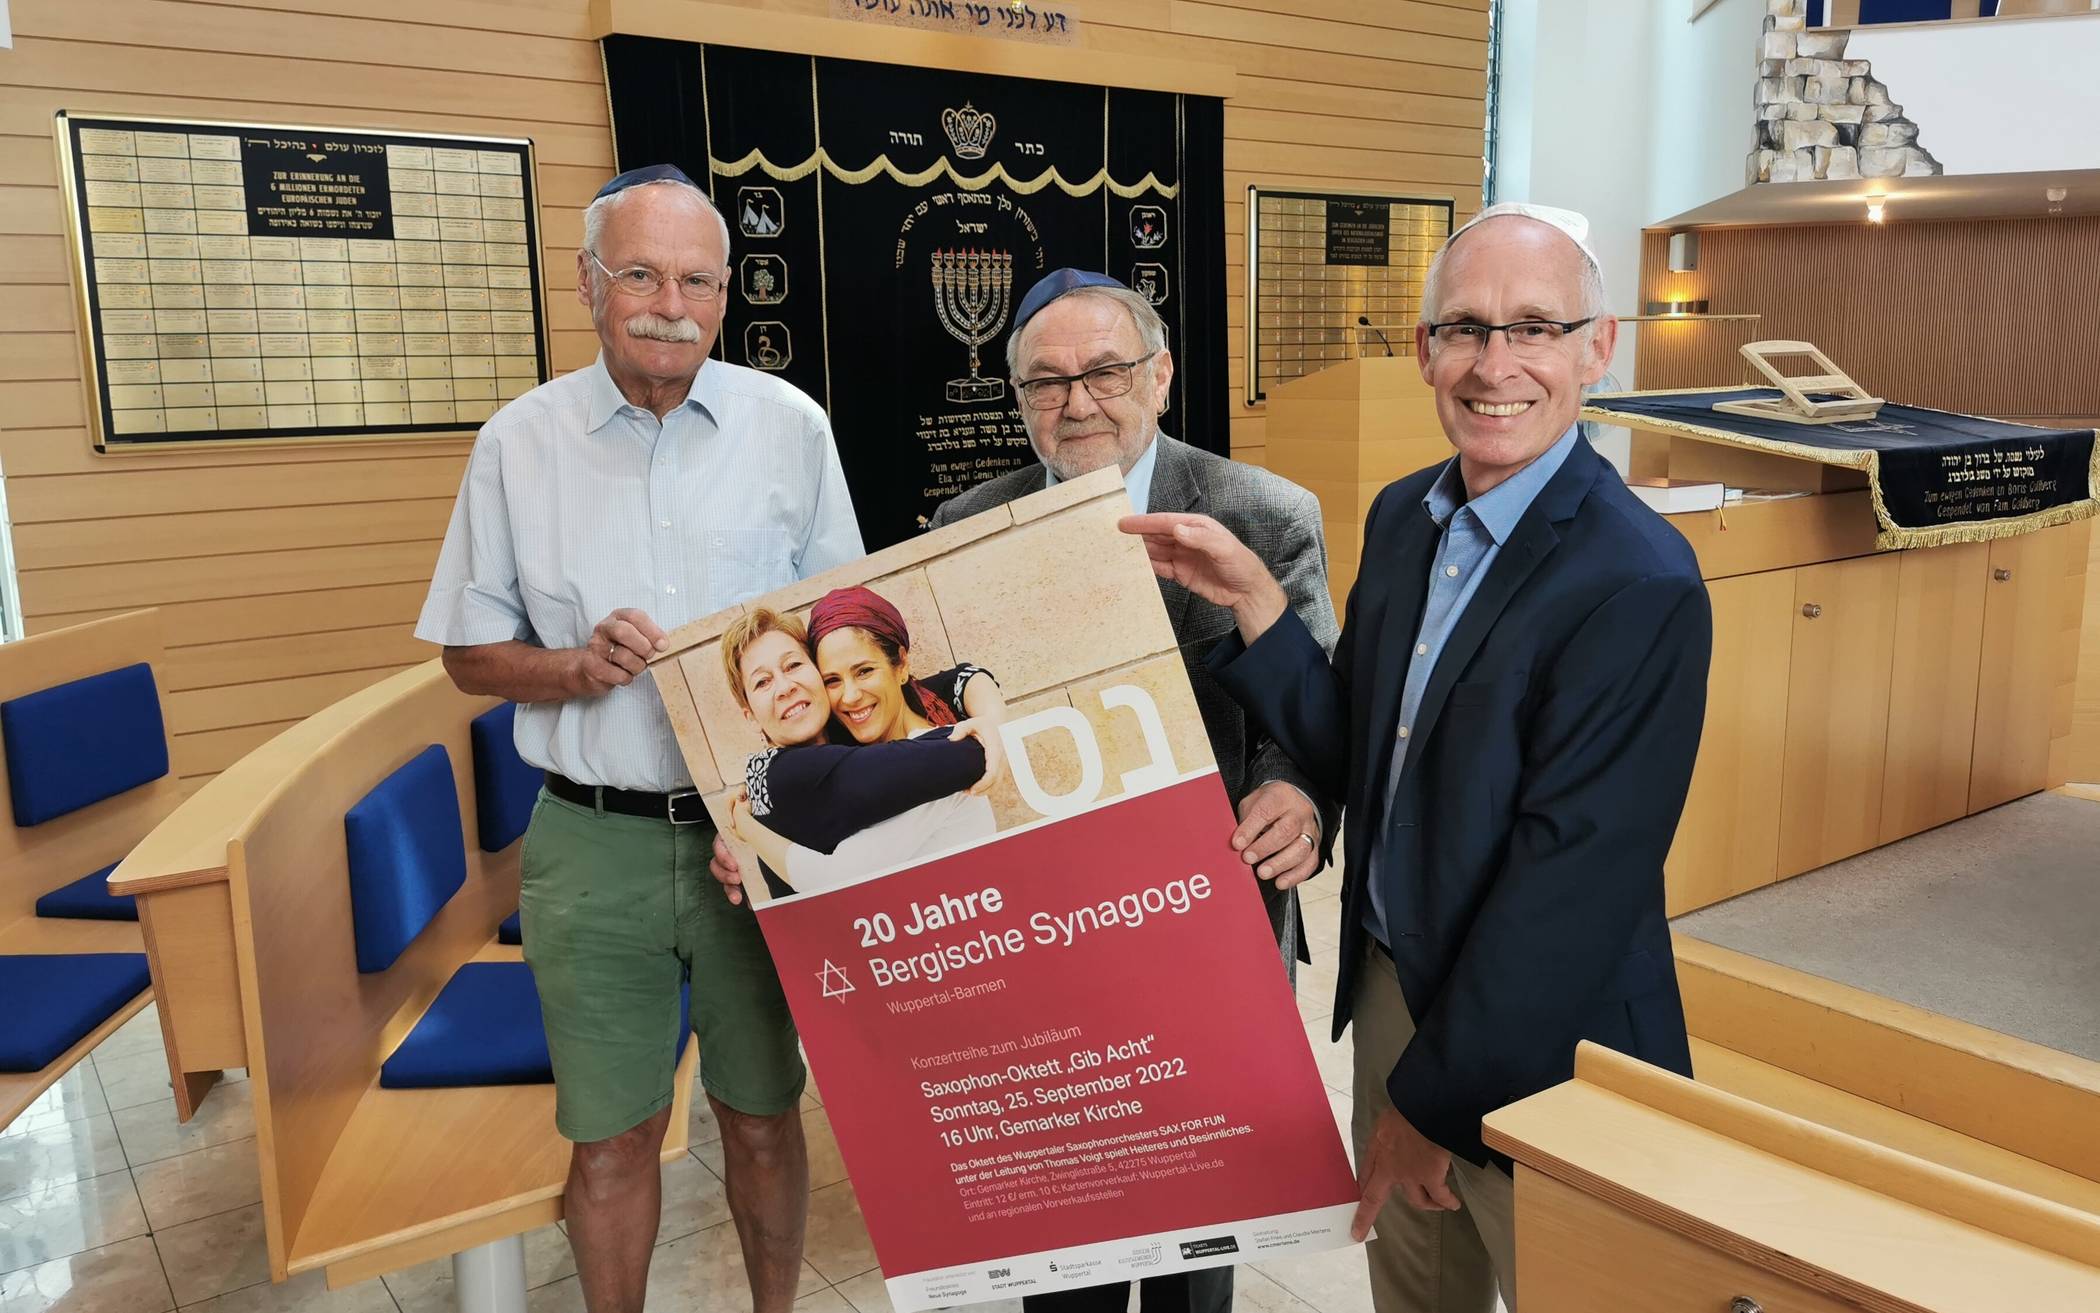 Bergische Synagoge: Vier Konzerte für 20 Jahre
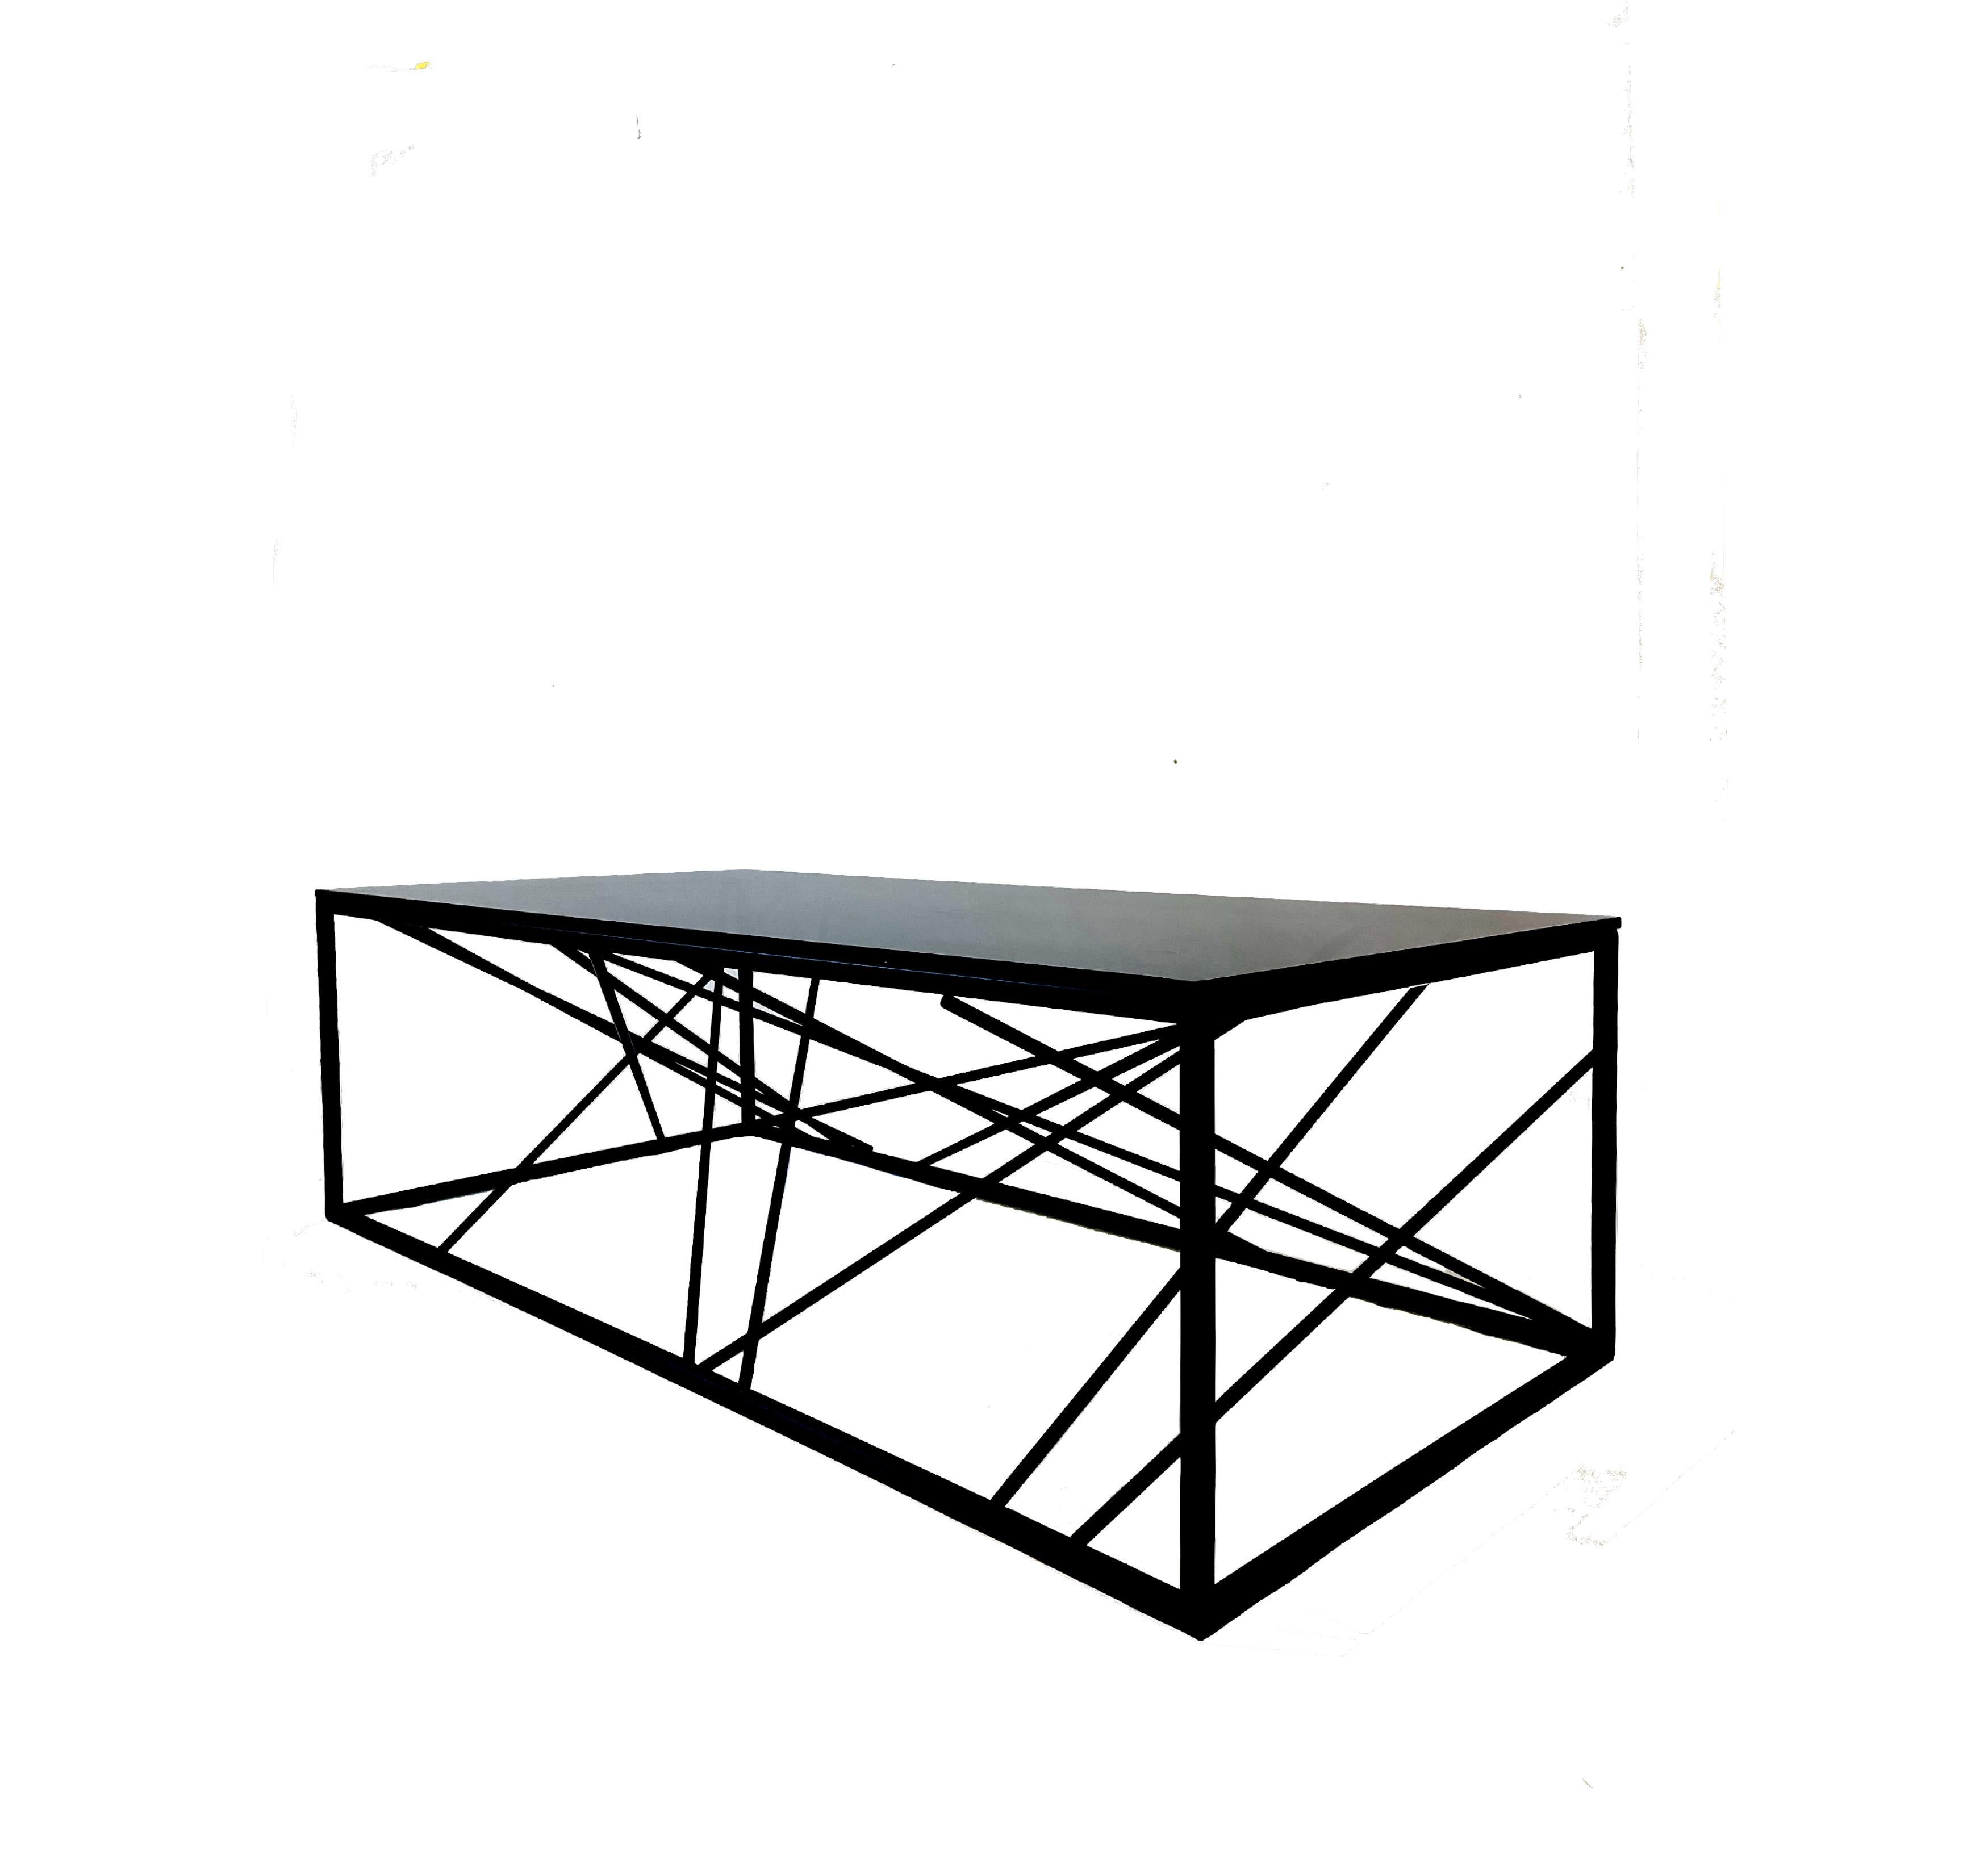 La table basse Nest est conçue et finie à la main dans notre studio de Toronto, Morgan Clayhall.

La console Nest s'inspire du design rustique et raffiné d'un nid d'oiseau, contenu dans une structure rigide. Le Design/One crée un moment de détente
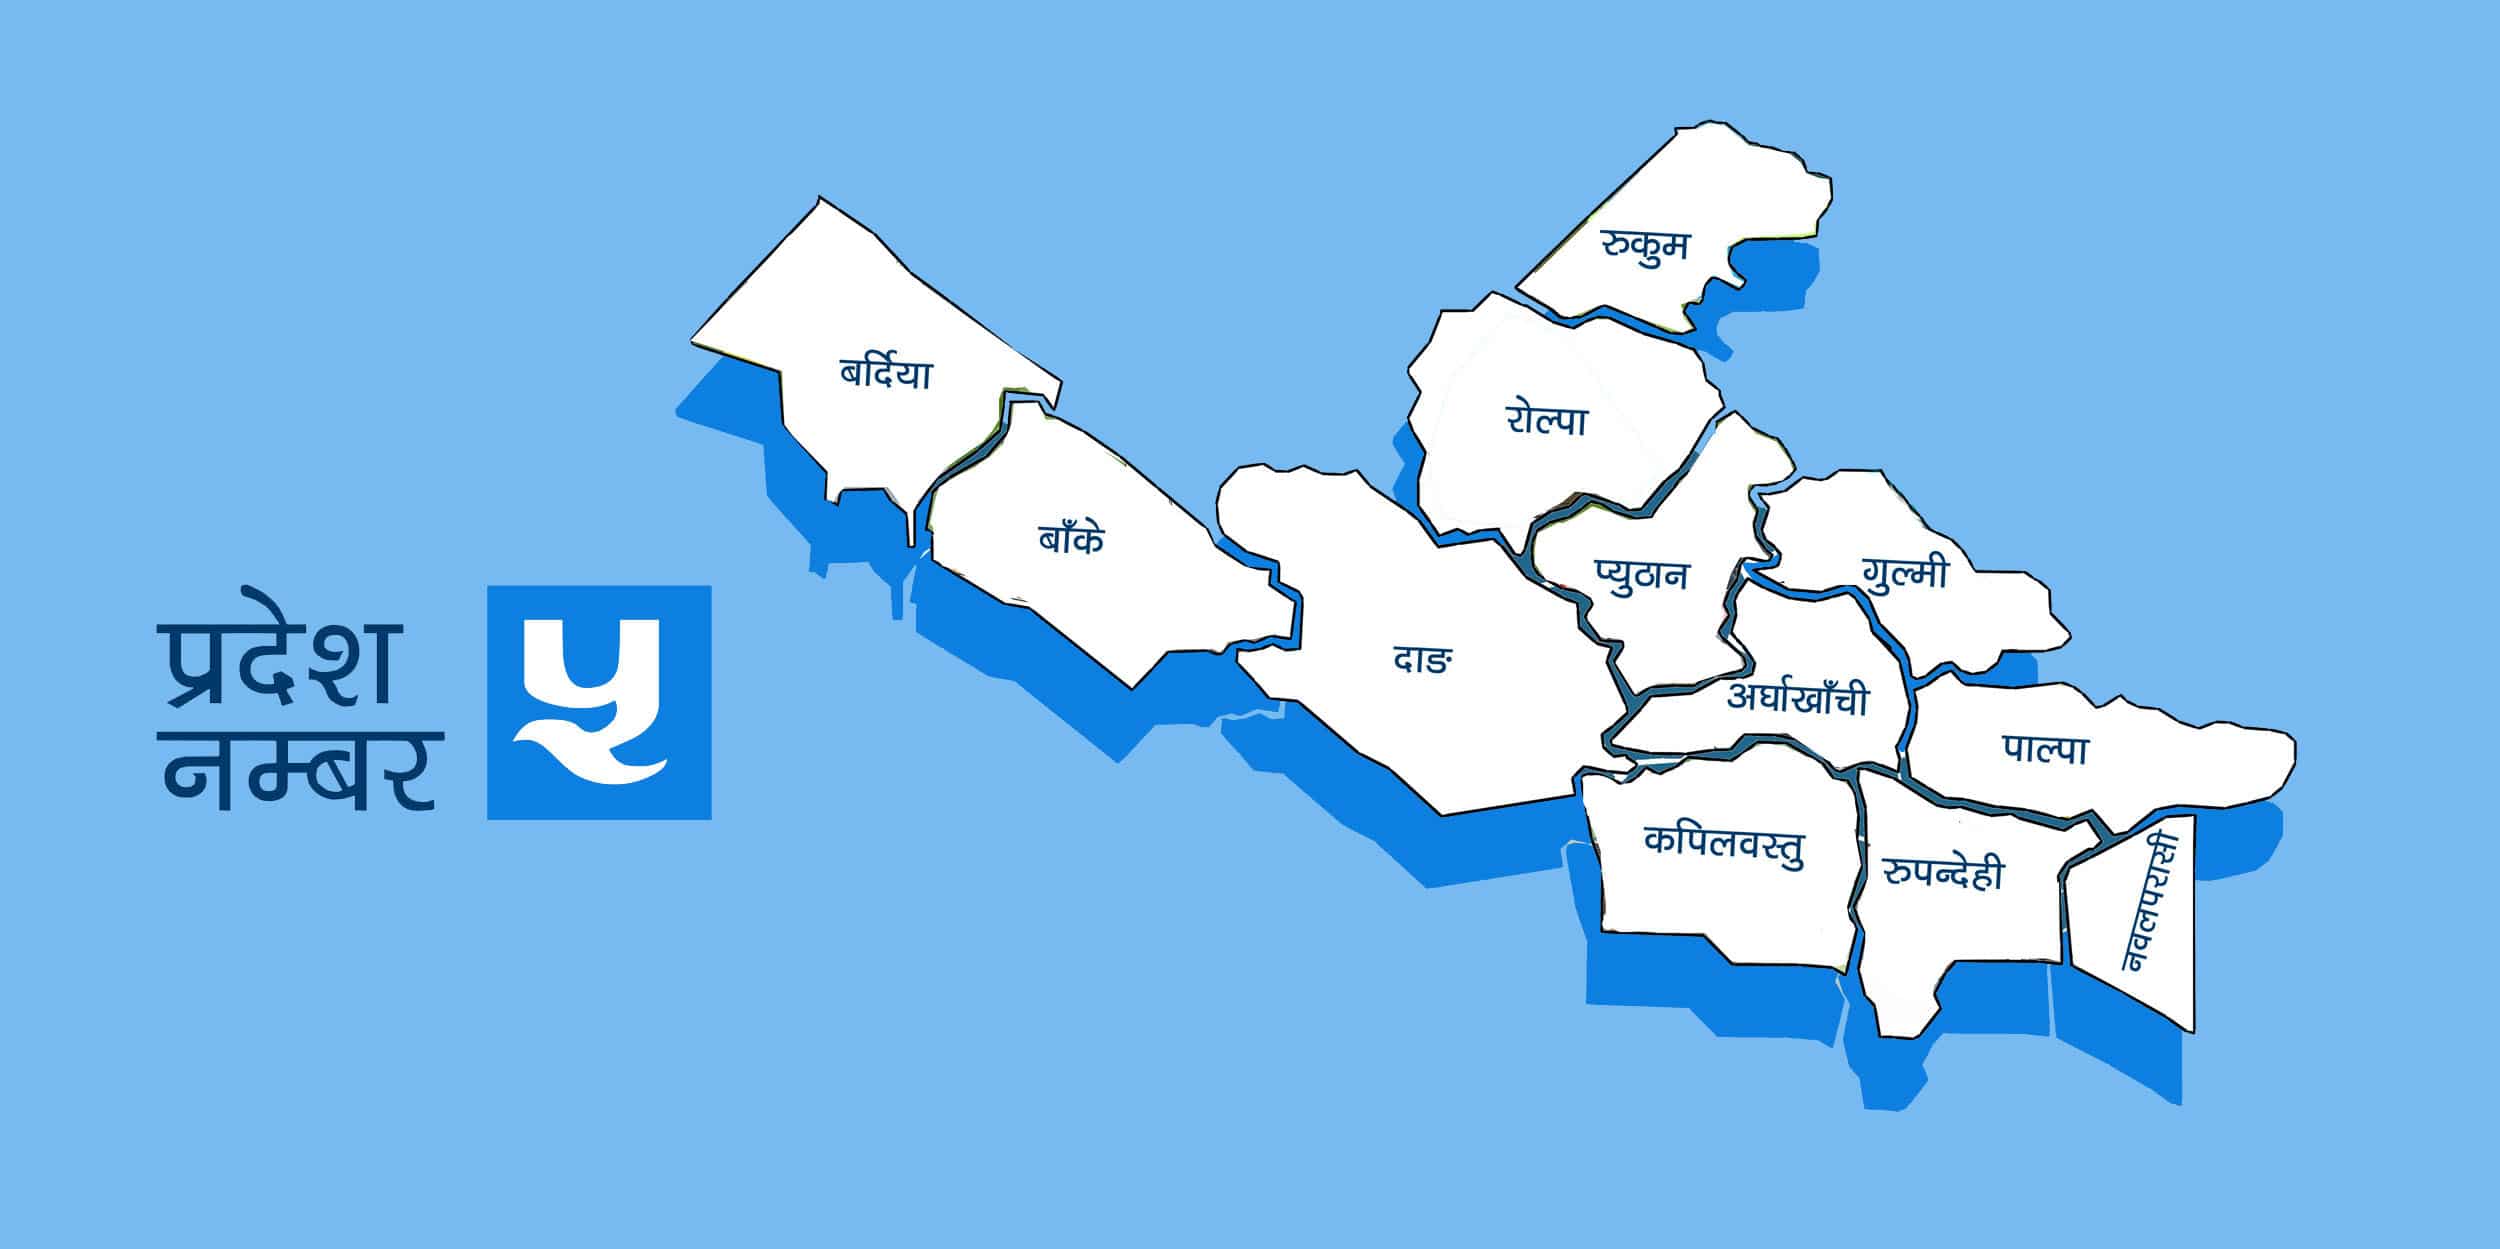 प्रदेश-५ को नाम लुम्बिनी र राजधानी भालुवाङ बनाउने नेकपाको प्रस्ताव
^^^^
§ **Aim of the task**
Give the data above again in full and unchanged, skipping the pictures.

§ **Solved exercise**
 Bergische Synagoge: Vier Konzerte für 20 Jahre
 La table basse Nest est conçue et finie à la main dans notre studio de Toronto, Morgan Clayhall.

La console Nest s'inspire du design rustique et raffiné d'un nid d'oiseau, contenu dans une structure rigide. Le Design/One crée un moment de détente
 प्रदेश-५ को नाम लुम्बिनी र राजधानी भालुवाङ बनाउने नेकपाको प्रस्ताव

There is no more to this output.